* What is expected
Each line below should be repeated exactly as written, with no pictures carried over.

**** Provided data ****

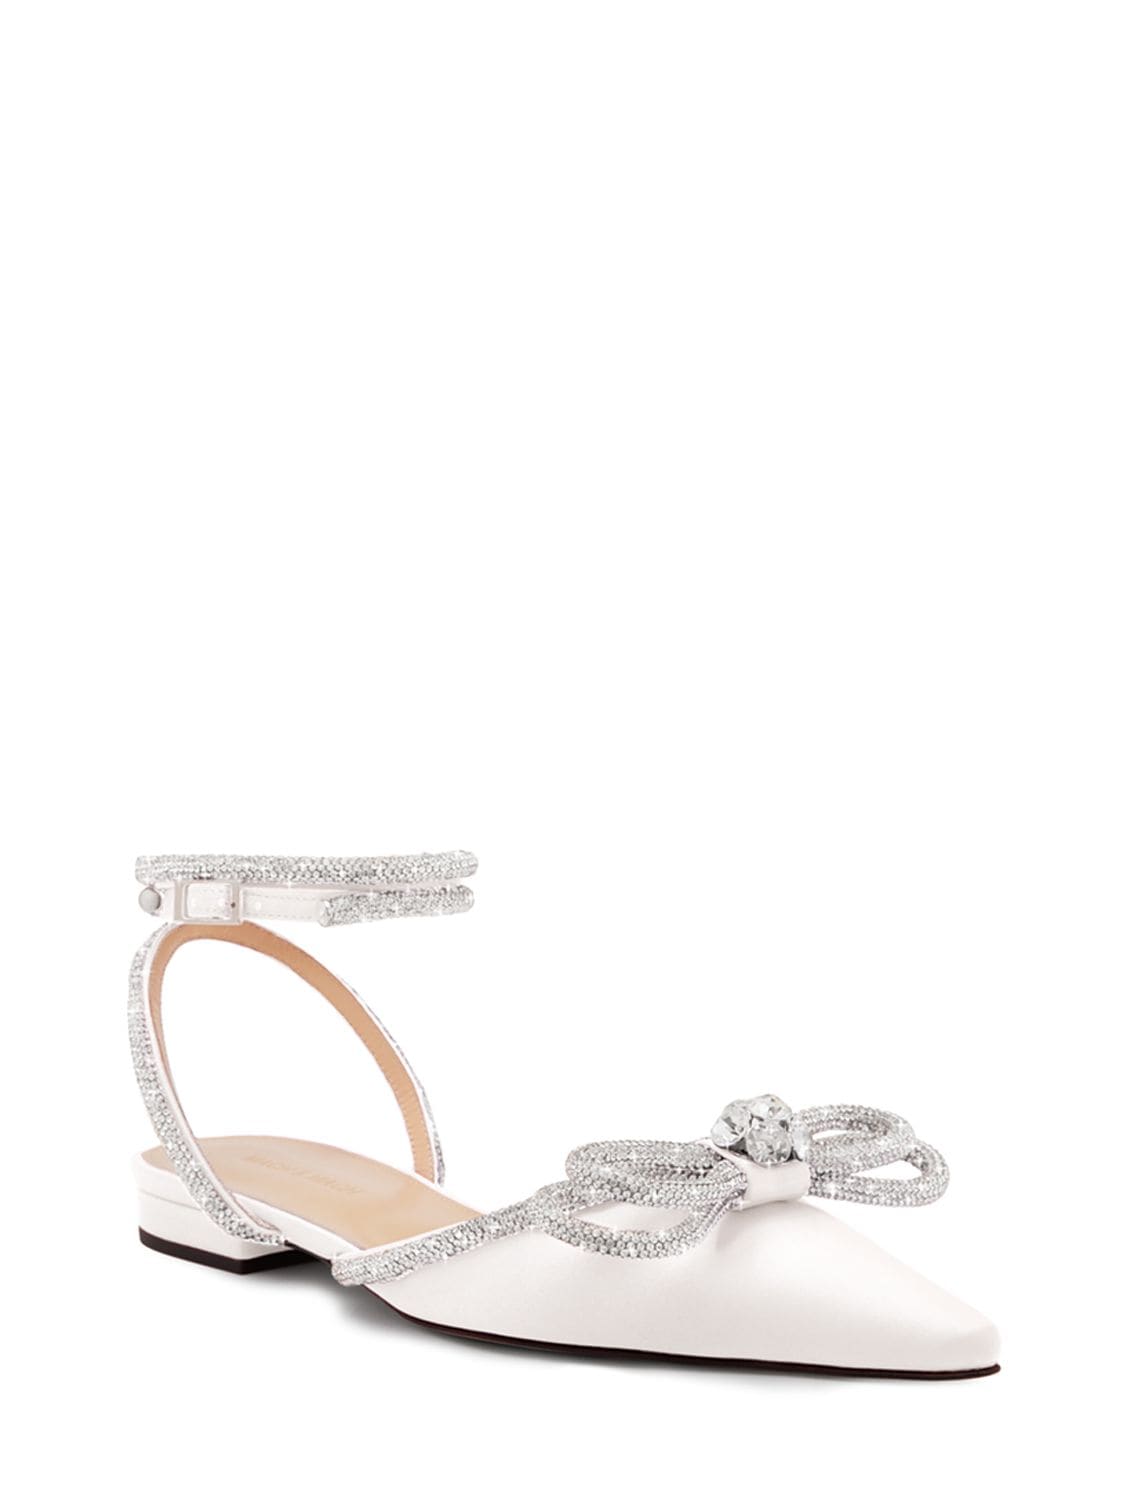 Shop Mach & Mach 10mm Double Bow Satin Flats In White
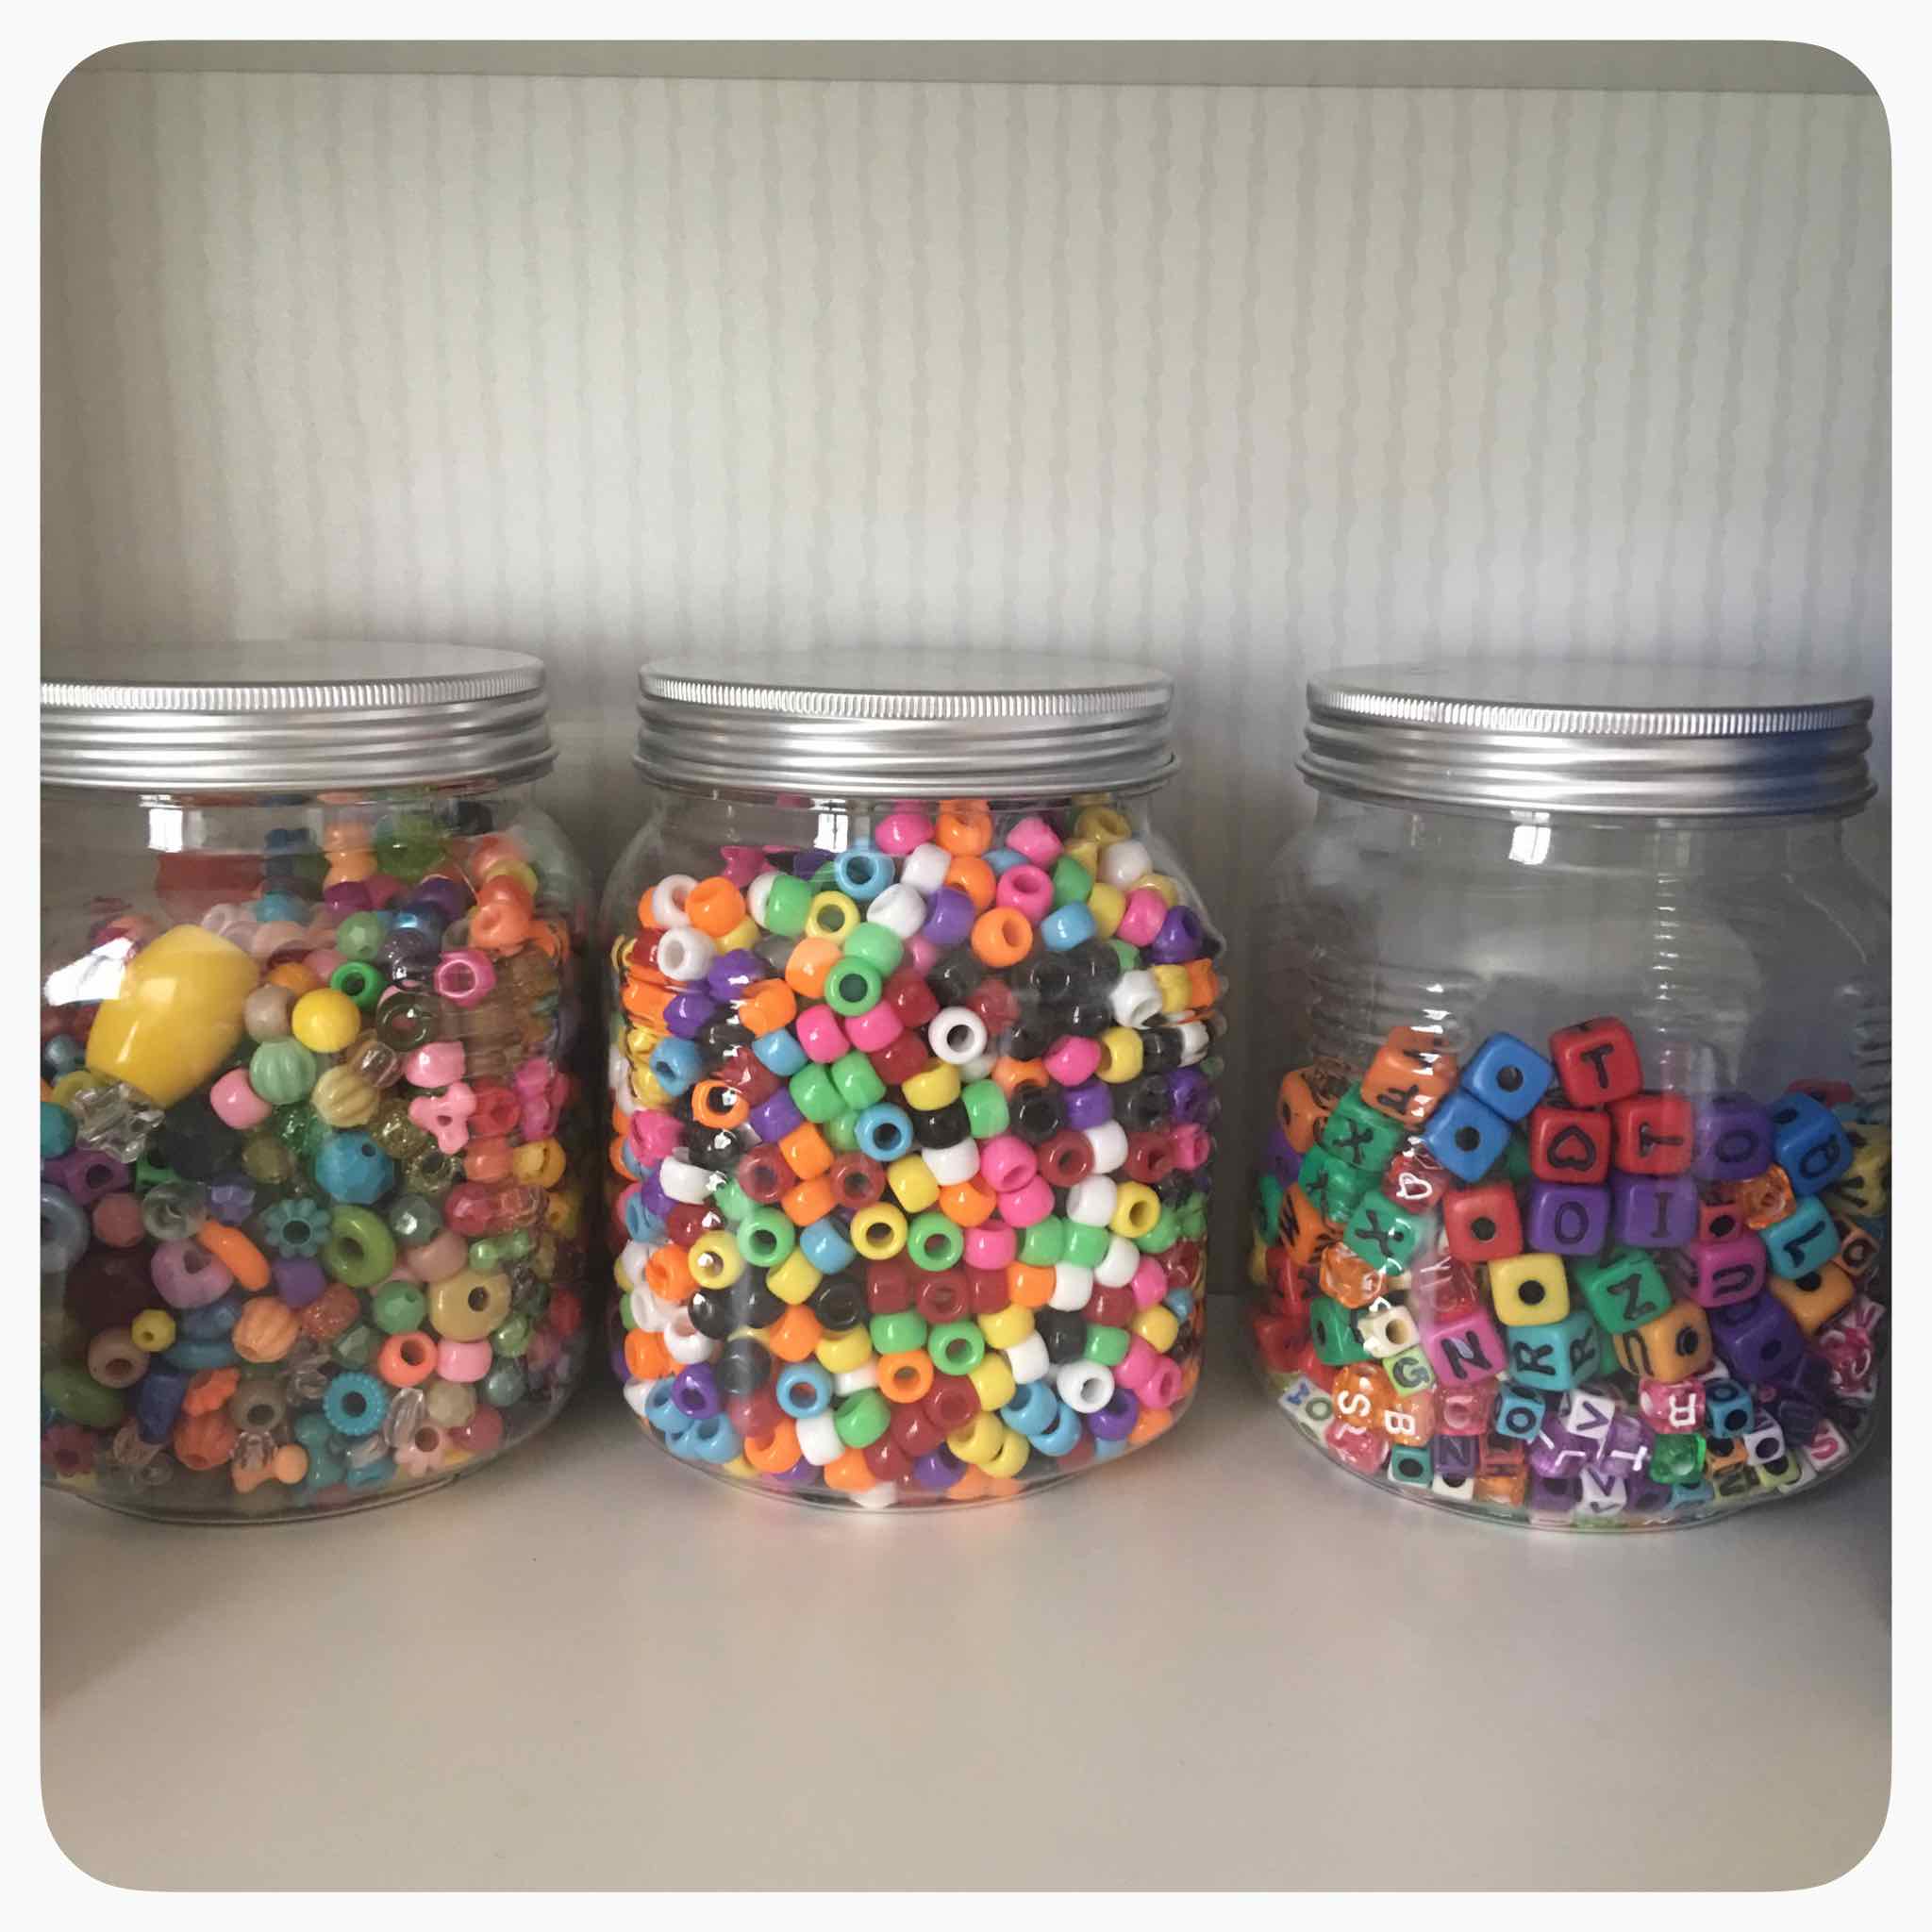 Rainbow Sensory Bottles: water, glitter, beads, hair gel. So simple and yet so much fun! Check out www.how2play.today for more ideas
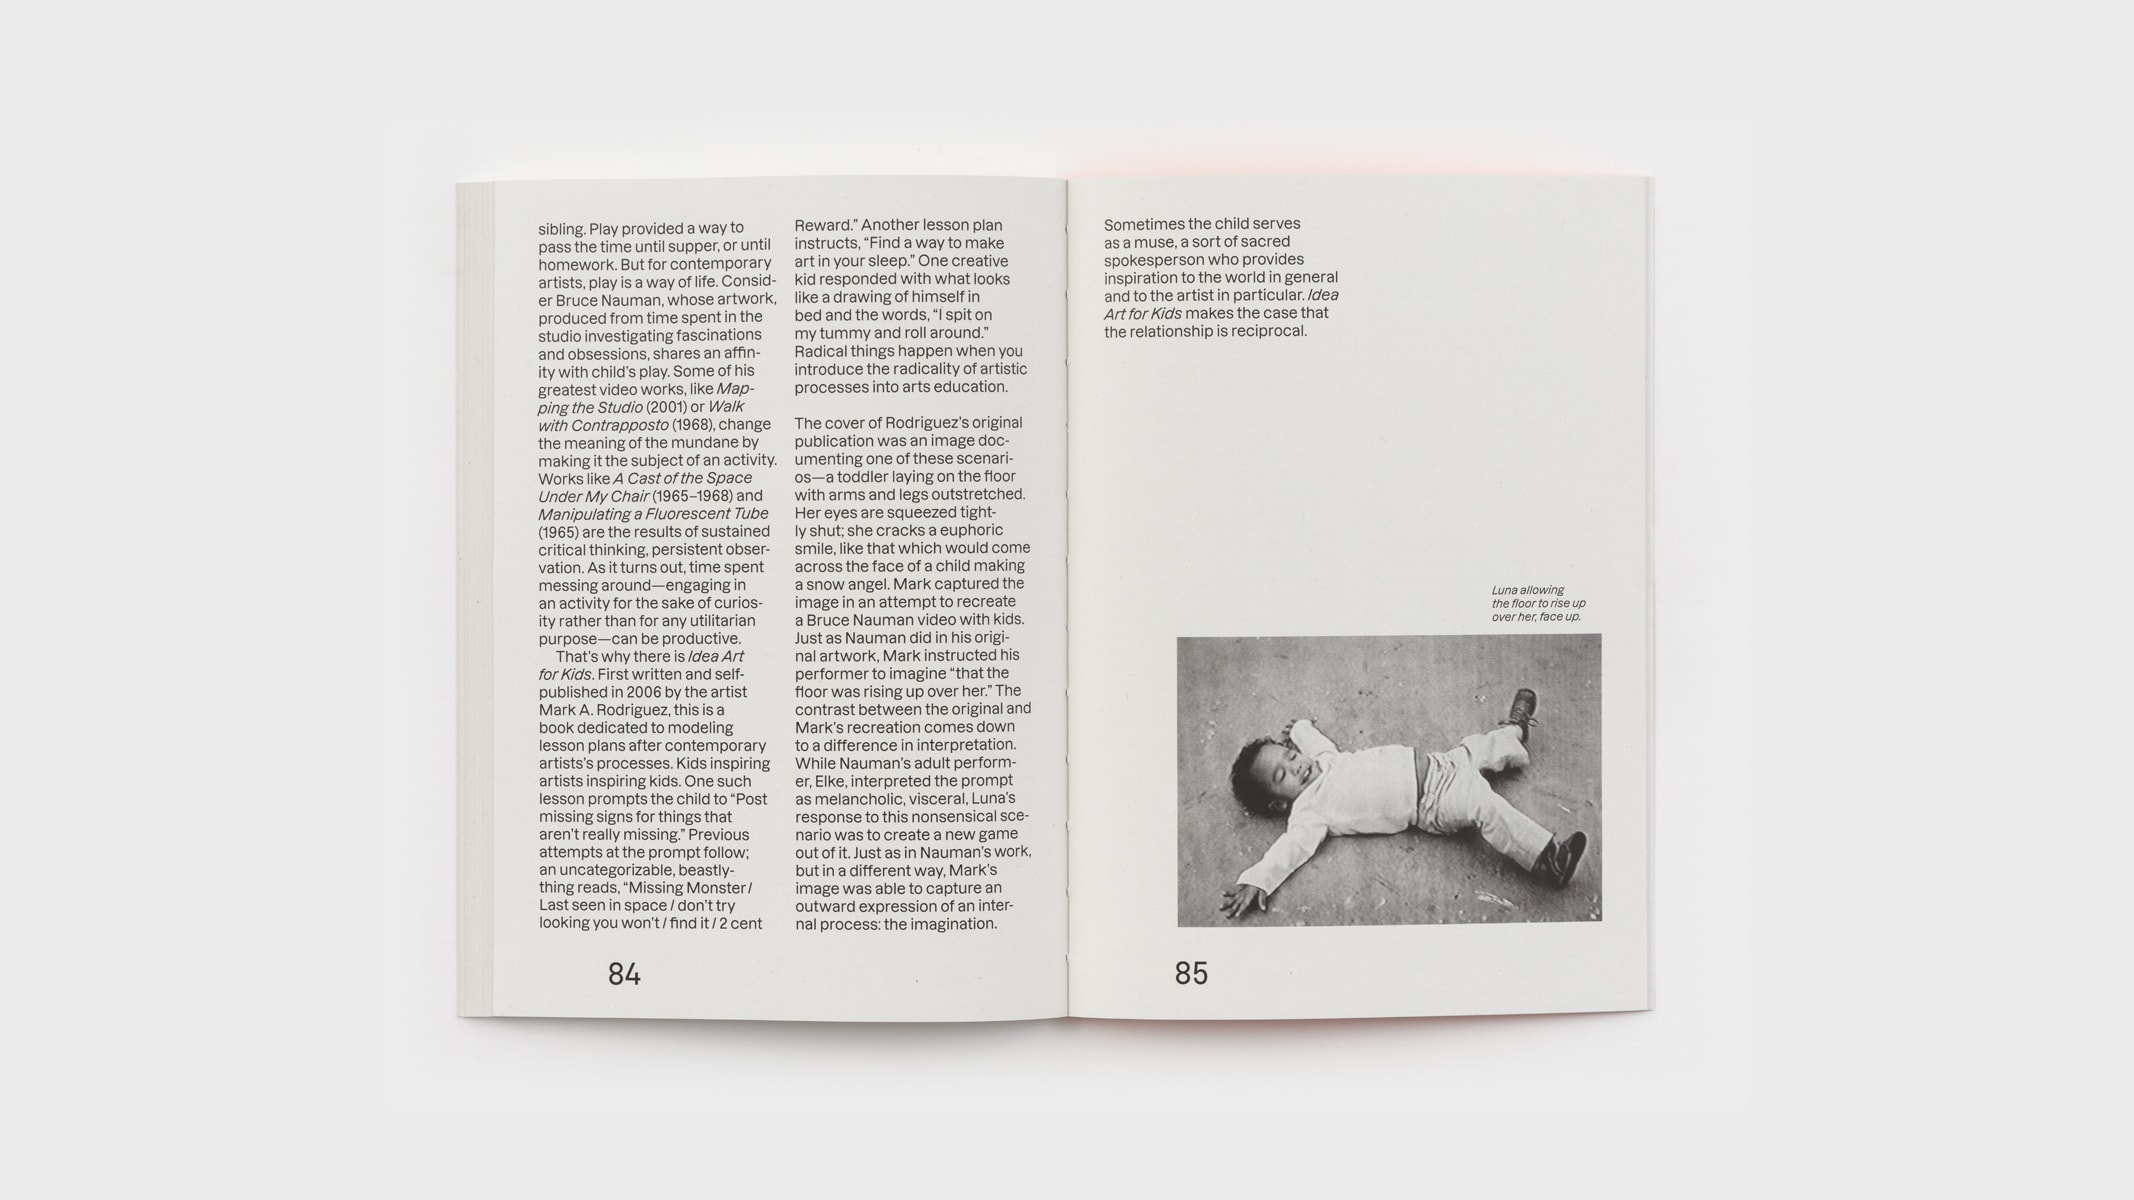 Two pages of Lola Kramer's essay on play, idea art, and children. Like Mark's introduction, it runs across two columns. On the right page is a black and white image of a young girl, Luna, prone on the ground like a snow angel.

****

* Output for this task
 Shop Mach & Mach 10mm Double Bow Satin Flats In White
 Rainbow Sensory Bottles: water, glitter, beads, hair gel. So simple and yet so much fun! Check out www.how2play.today for more ideas
 Two pages of Lola Kramer's essay on play, idea art, and children. Like Mark's introduction, it runs across two columns. On the right page is a black and white image of a young girl, Luna, prone on the ground like a snow angel.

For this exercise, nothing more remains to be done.